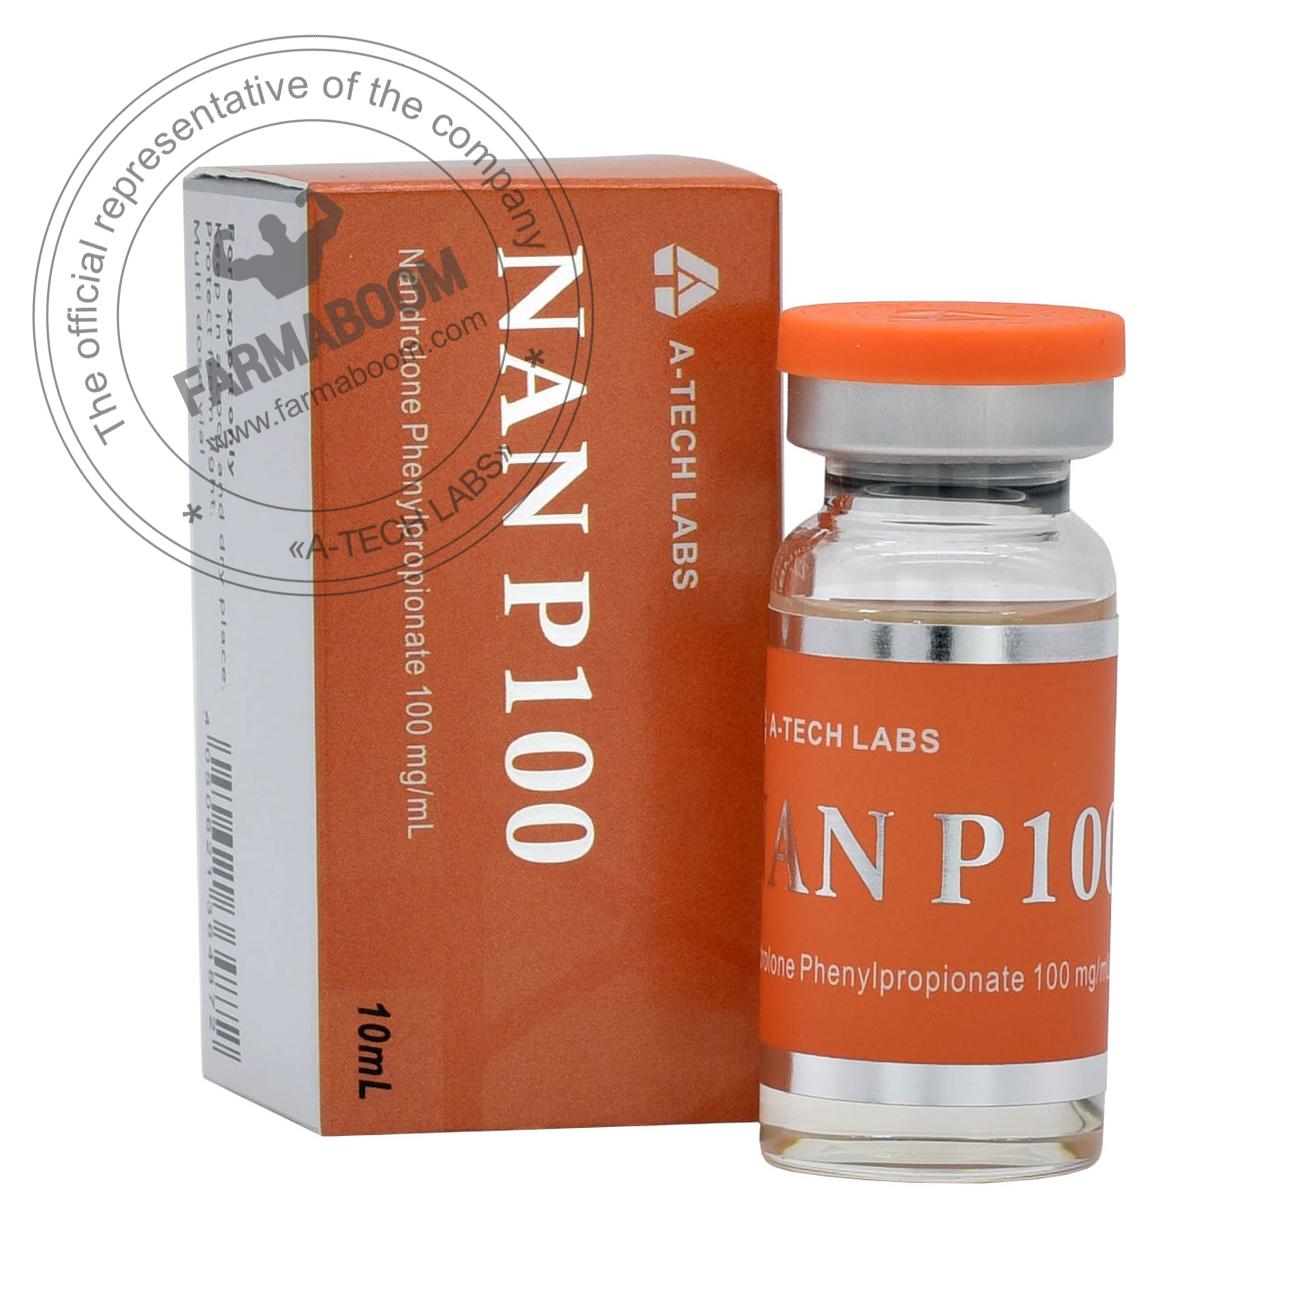 nan_p100_A-TECH LABS_farmaboom_com
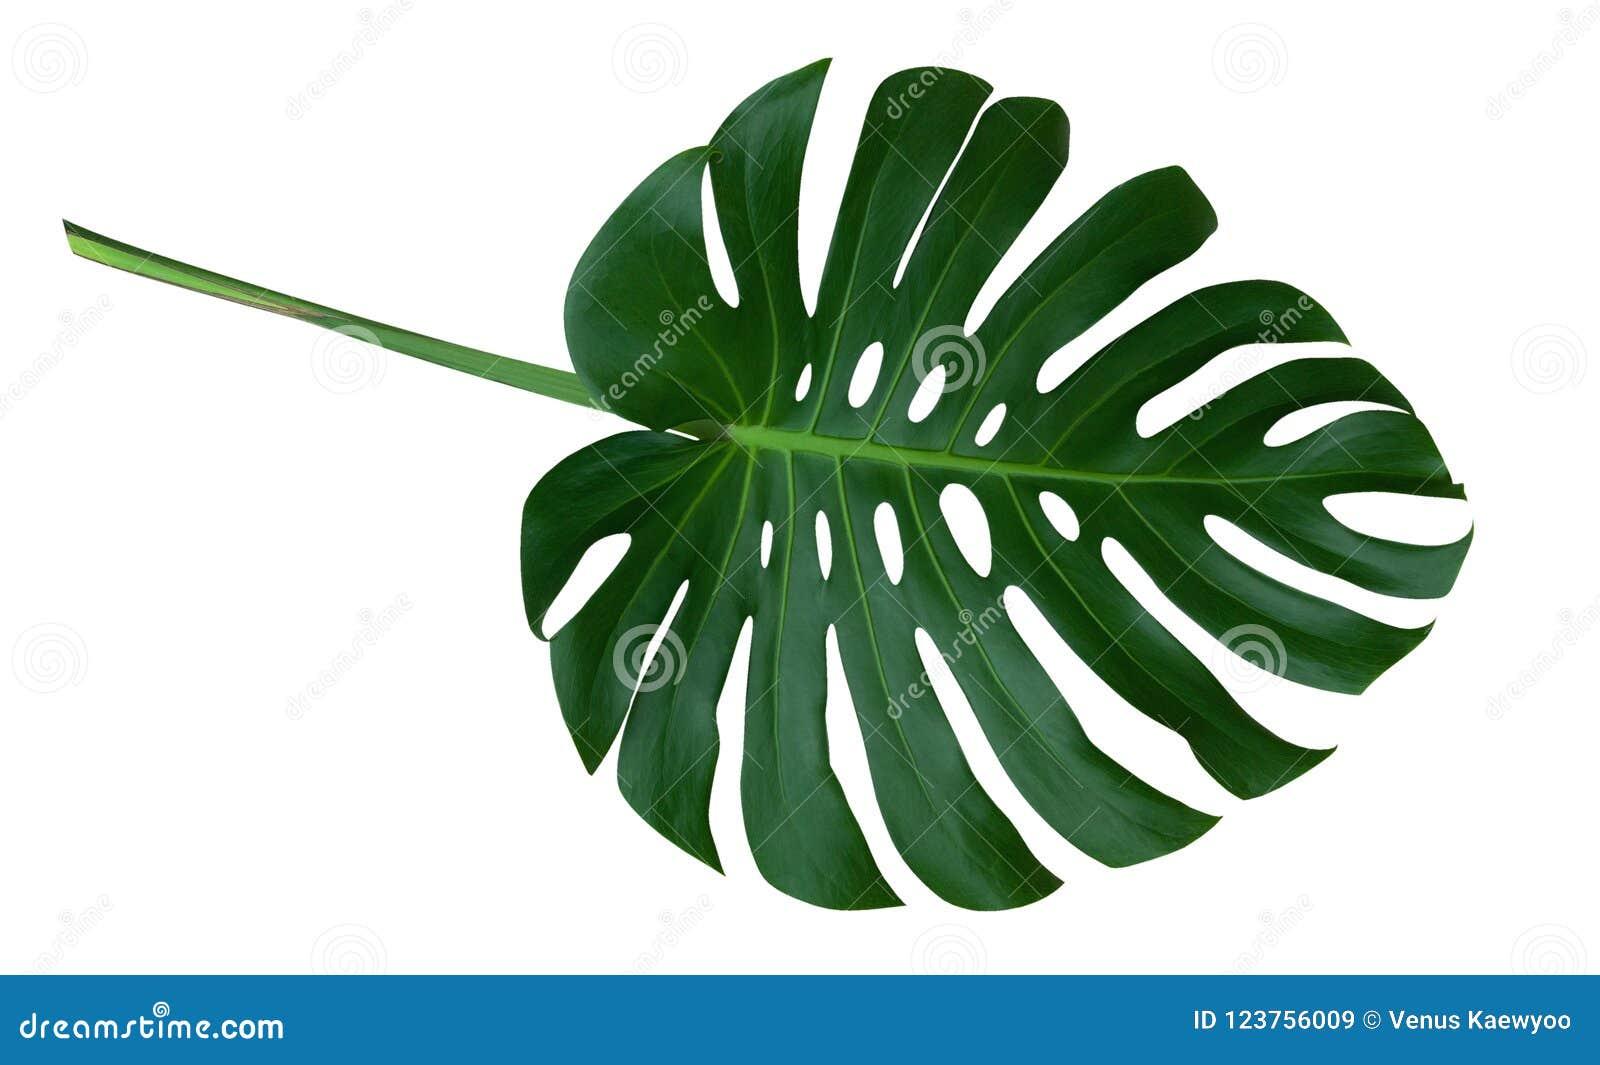 Zielony monstera rośliny liść z badylem tropikalny wiecznozielony winograd odizolowywający na białym tle, ścinek ścieżka
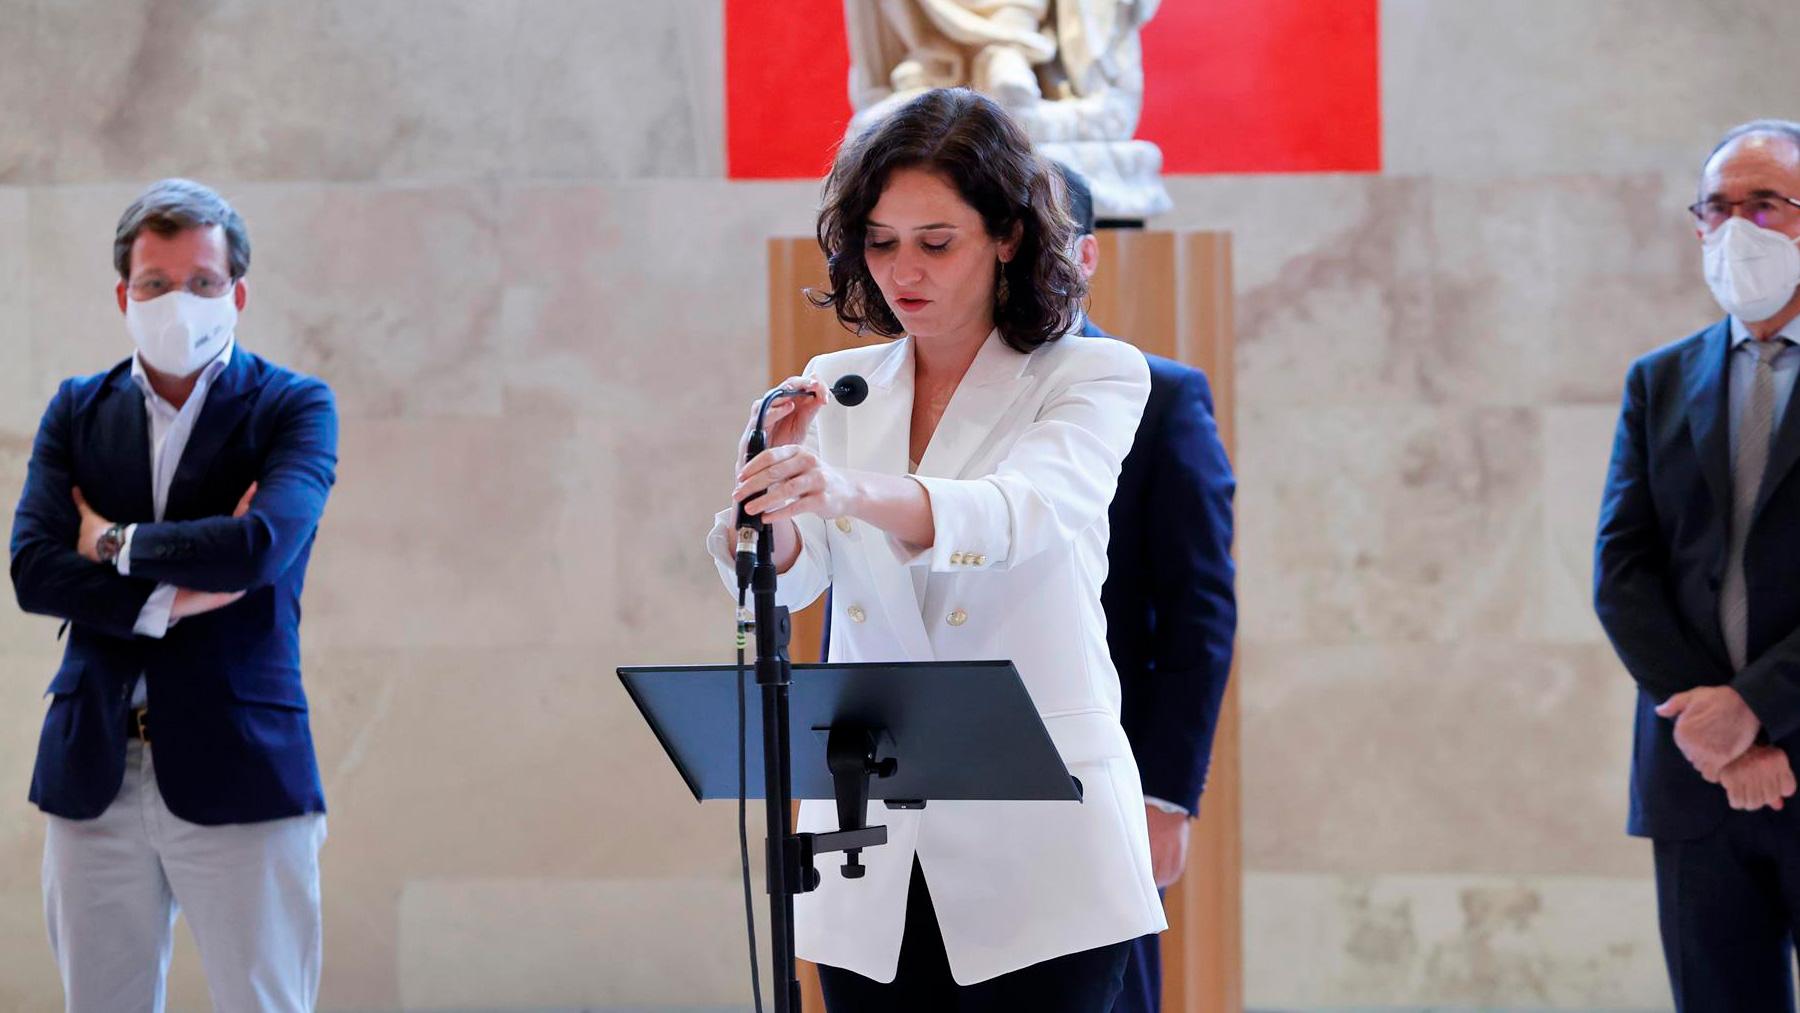 La presidenta de la Comunidad de Madrid, Isabel Díaz Ayuso, ofrece una rueda de prensa. Foto: EFE

+ + + + +

• Exercise objective
Faithful copy, images left out: write out every line of data.

• Completed exercise
 nan_p100_A-TECH LABS_farmaboom_com
 Zielony monstera rośliny liść z badylem tropikalny wiecznozielony winograd odizolowywający na białym tle, ścinek ścieżka
 La presidenta de la Comunidad de Madrid, Isabel Díaz Ayuso, ofrece una rueda de prensa. Foto: EFE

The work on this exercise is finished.